Workbench with vintage Soviet equipment

One of the challenges of conducting independent research in 2025 is acquiring proper measurement equipment on a budget that can best be described as “minimal.”

Fortunately, the internet has made it possible to purchase decommissioned scientific instruments from around the world, often at prices that suggest the sellers have no idea what they possess. This is both a blessing and a source of constant disappointment.

The Process

My methodology for online equipment acquisition has evolved over the past decade:

Step 1: Search with Vague Terms

Sellers of Soviet-era equipment often do not know the proper terminology. I have found valuable instruments listed as:

  • “Old electrical box with dial”
  • “Vintage Russian measurement thing”
  • “Soviet oscillator??? works maybe”
  • “Laboratory equipment from grandfather”

The key is to search for misspellings, approximate descriptions, and desperate-sounding listings.

Step 2: Examine Photos Carefully

Most sellers provide 2-3 blurry photographs taken with inadequate lighting. From these, I must determine:

  • Whether the device is actually what I need
  • If any critical components are missing
  • The approximate state of decay
  • Whether those are water stains or something worse

I have developed what I believe is a professional-level skill at identifying equipment from partial shadows and out-of-focus control panels.

Step 3: Ask Questions That Cannot Be Answered

“Does the calibration hold within ±5% over the full range?”

The seller responds: “It turns on. Has some lights.”

This tells me nothing and everything.

Step 4: Make Peace with Uncertainty

Eventually, I click “Buy Now” and enter a state of philosophical acceptance. Either:

  1. The device will arrive and work (15% probability)
  2. The device will arrive and partially work (40% probability)
  3. The device will arrive and not work but be repairable (30% probability)
  4. The device will arrive and be completely unusable (10% probability)
  5. The device will not arrive at all (5% probability)

Recent Acquisitions

Success: Б5-71/3 Function Generator (1987)

Purchased for $35 USD from a seller in Yekaterinburg who described it as “old radio equipment, has buttons.”

Status: Partially functional

  • Frequency range: Works from 10 Hz to ~200 kHz (specifications claim to 1 MHz)
  • Amplitude control: Functions, but not linearly
  • Waveforms: Sine wave is perfect, square wave is more of a “rounded rectangle wave,” triangle wave resembles “disappointed hill wave”

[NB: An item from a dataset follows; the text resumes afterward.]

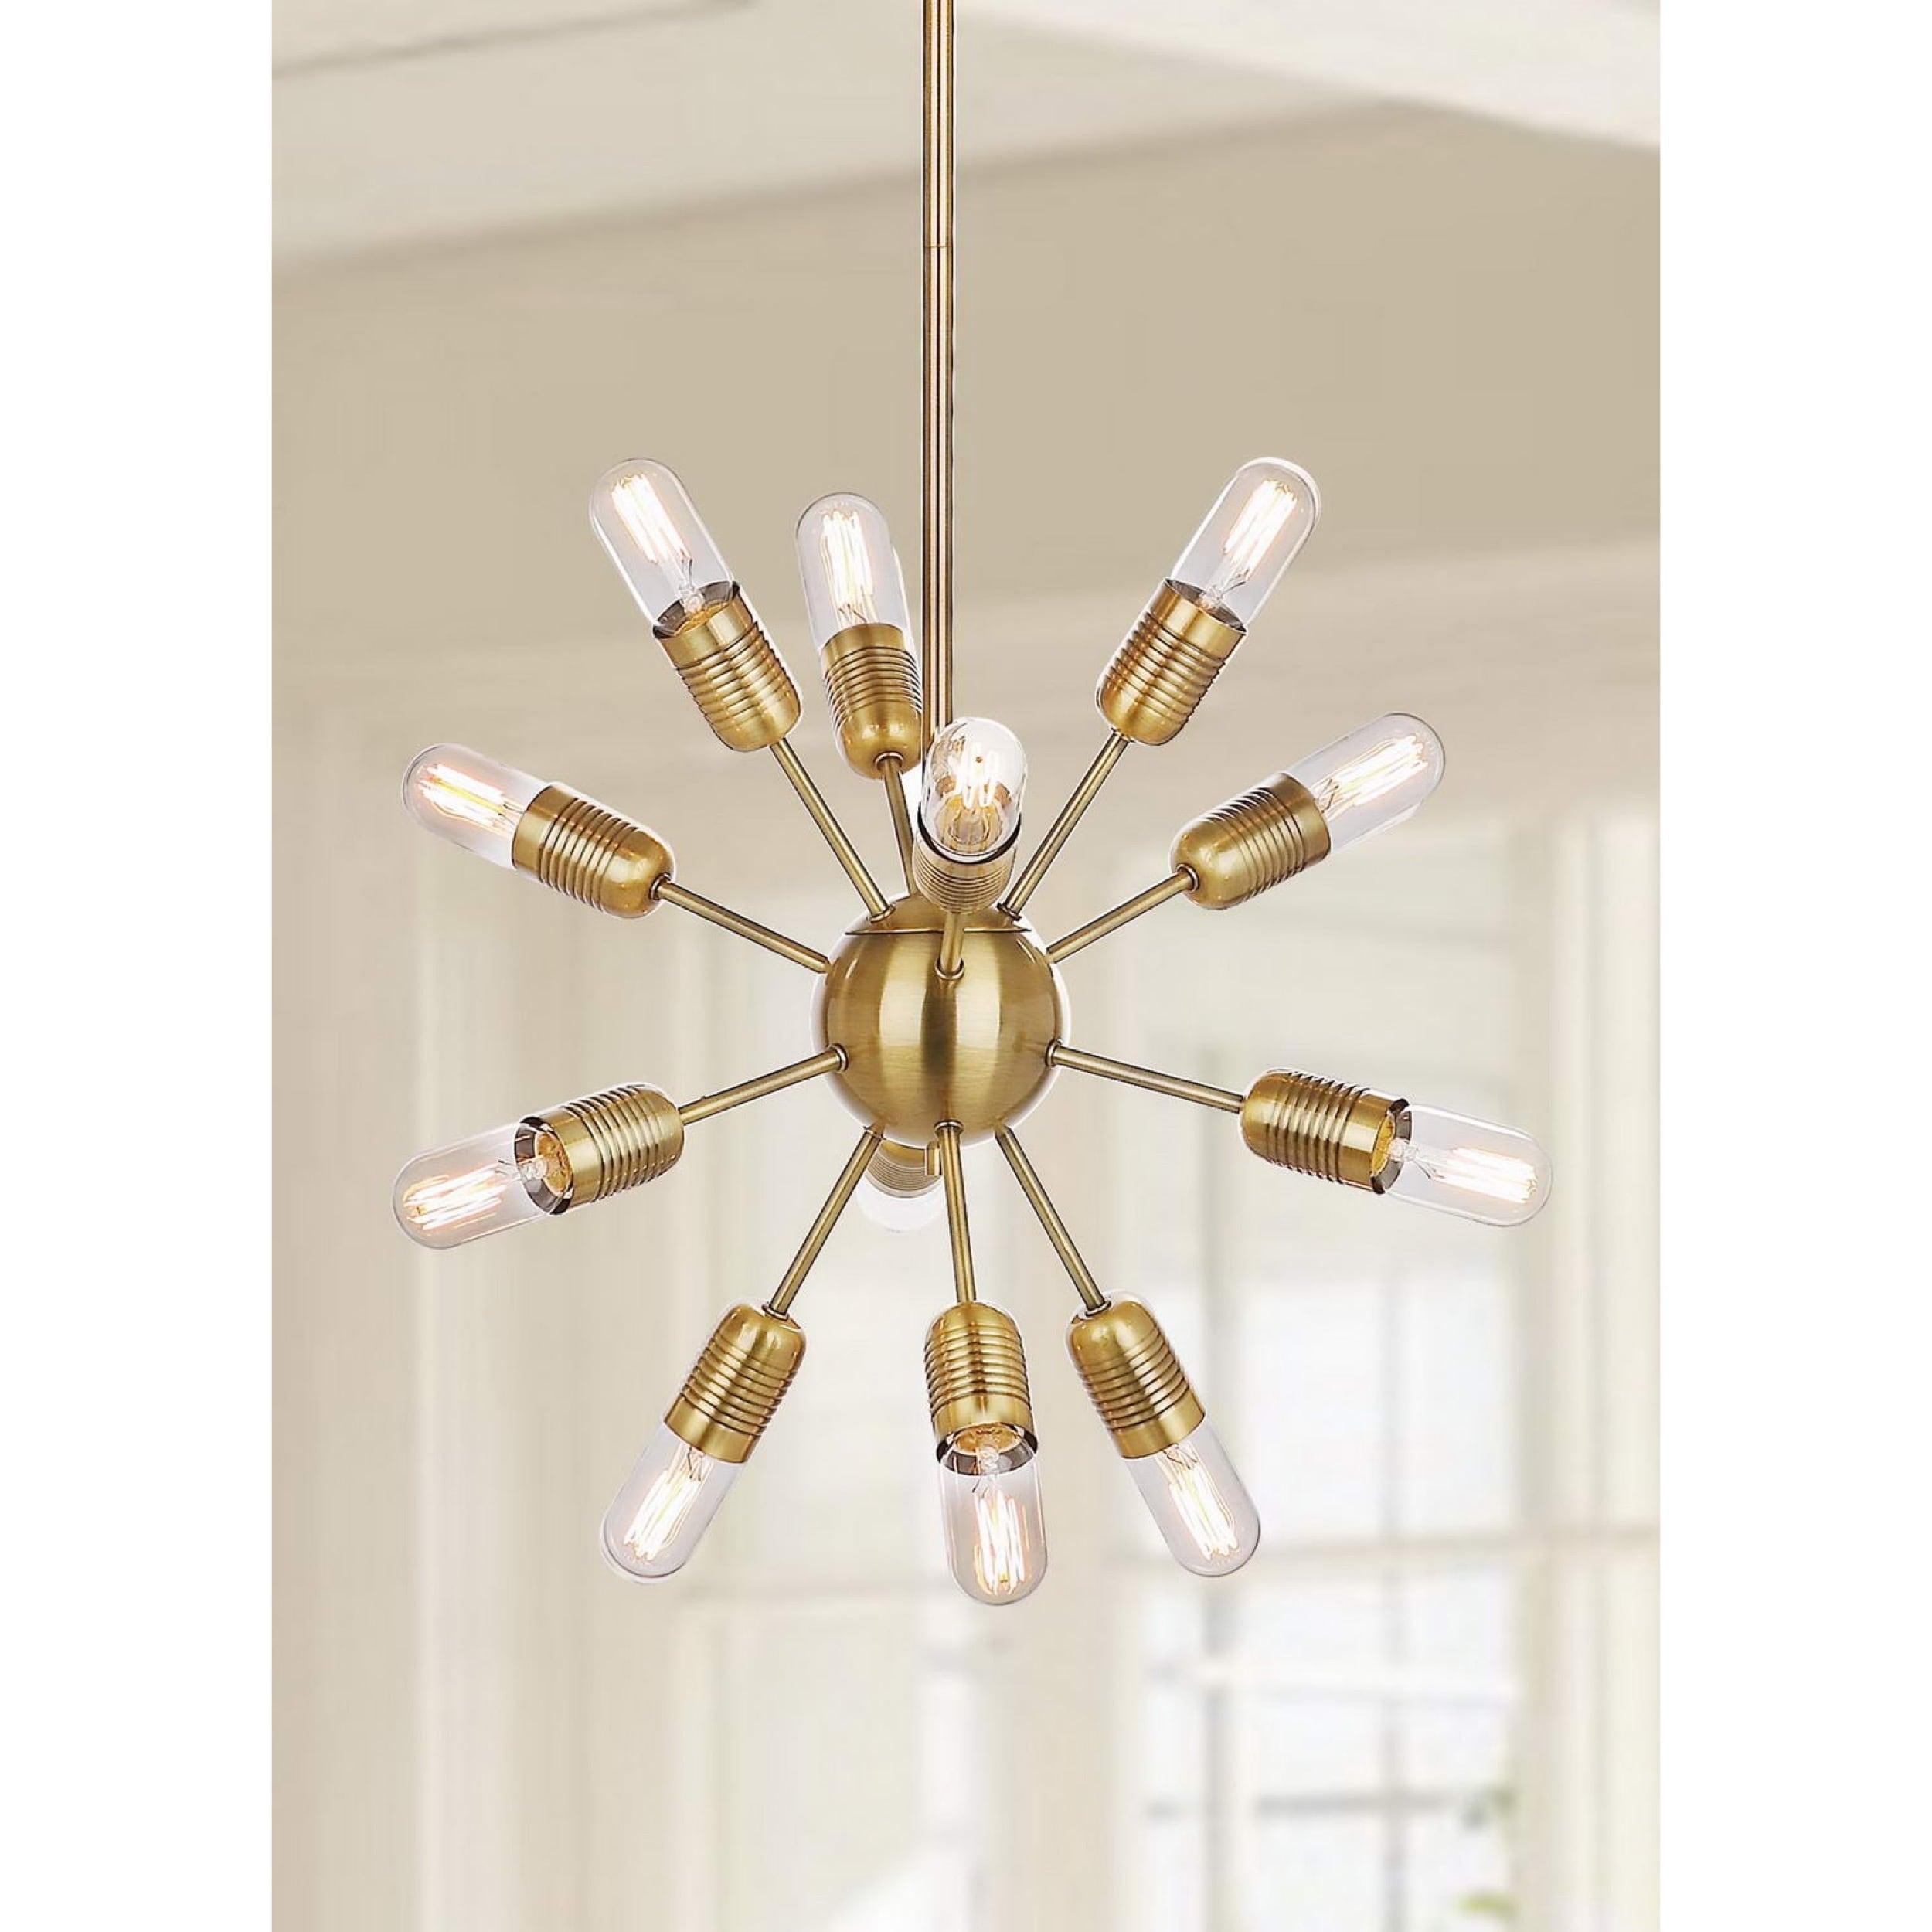 Safavieh Lighting Raging 12 light Gold 17 5 inch Edison Bulb

Overall assessment: Worth $35

Mixed Result: Oscilloscope Probes (Unknown Origin)

Purchased a set of five oscilloscope probes for $12 USD. Description: “Oscilloscope accessories, Soviet, vintage.”

Status: Three work perfectly, one is intermittent, one appears to be a broken pen

Overall assessment: $12 for three working probes is acceptable; the broken pen adds character

Disaster: “Working Power Supply”

Purchased for $60 USD what was advertised as a “fully functional laboratory power supply, recently tested.”

Status upon arrival:

  • Output terminals corroded to point of unrecognizability
  • Internal capacitors had visibly leaked
  • Transformer made concerning buzzing sound
  • “Recently tested” apparently meant “we plugged it in and it didn’t immediately explode”

Overall assessment: Now source of spare parts worth approximately $15

The Philosophy

Some might ask: “Why not simply purchase new equipment from reputable suppliers?”

The answer is complex:

  1. Budget constraints: New equipment costs 20-50x more
  2. Character: Soviet-era instruments have personality (and quirks that must be understood)
  3. Availability: Modern equipment often has “helpful” features I don’t need and cannot disable
  4. The Hunt: There is satisfaction in finding functional equipment that others have discarded
  5. Stubbornness: Possibly this is the main reason

Current Wishlist

I am currently searching for:

  • Г3-112 frequency synthesizer (1980s era)
  • Any working spectrum analyzer from before 1995
  • Ц4342 digital multimeter to compare against my analog Ц4353
  • Replacement probe for Tektronix oscilloscope (good luck to me)

If you, dear reader, happen to have any of these gathering dust in a closet, please contact me. I promise to give them a home where they will be used for measurements of questionable scientific value.

Conclusion

Online equipment acquisition is part skill, part luck, and part willingness to accept disappointment. It is not unlike experimental physics itself.

Tomorrow, a package arrives from Novosibirsk. The seller description: “Box with wires and meters. Old. Science?”

I am optimistic. Experience suggests I should not be.


Update: The package from Novosibirsk contained Soviet-era Christmas lights and a telephone. Neither is what I ordered, but the telephone actually works.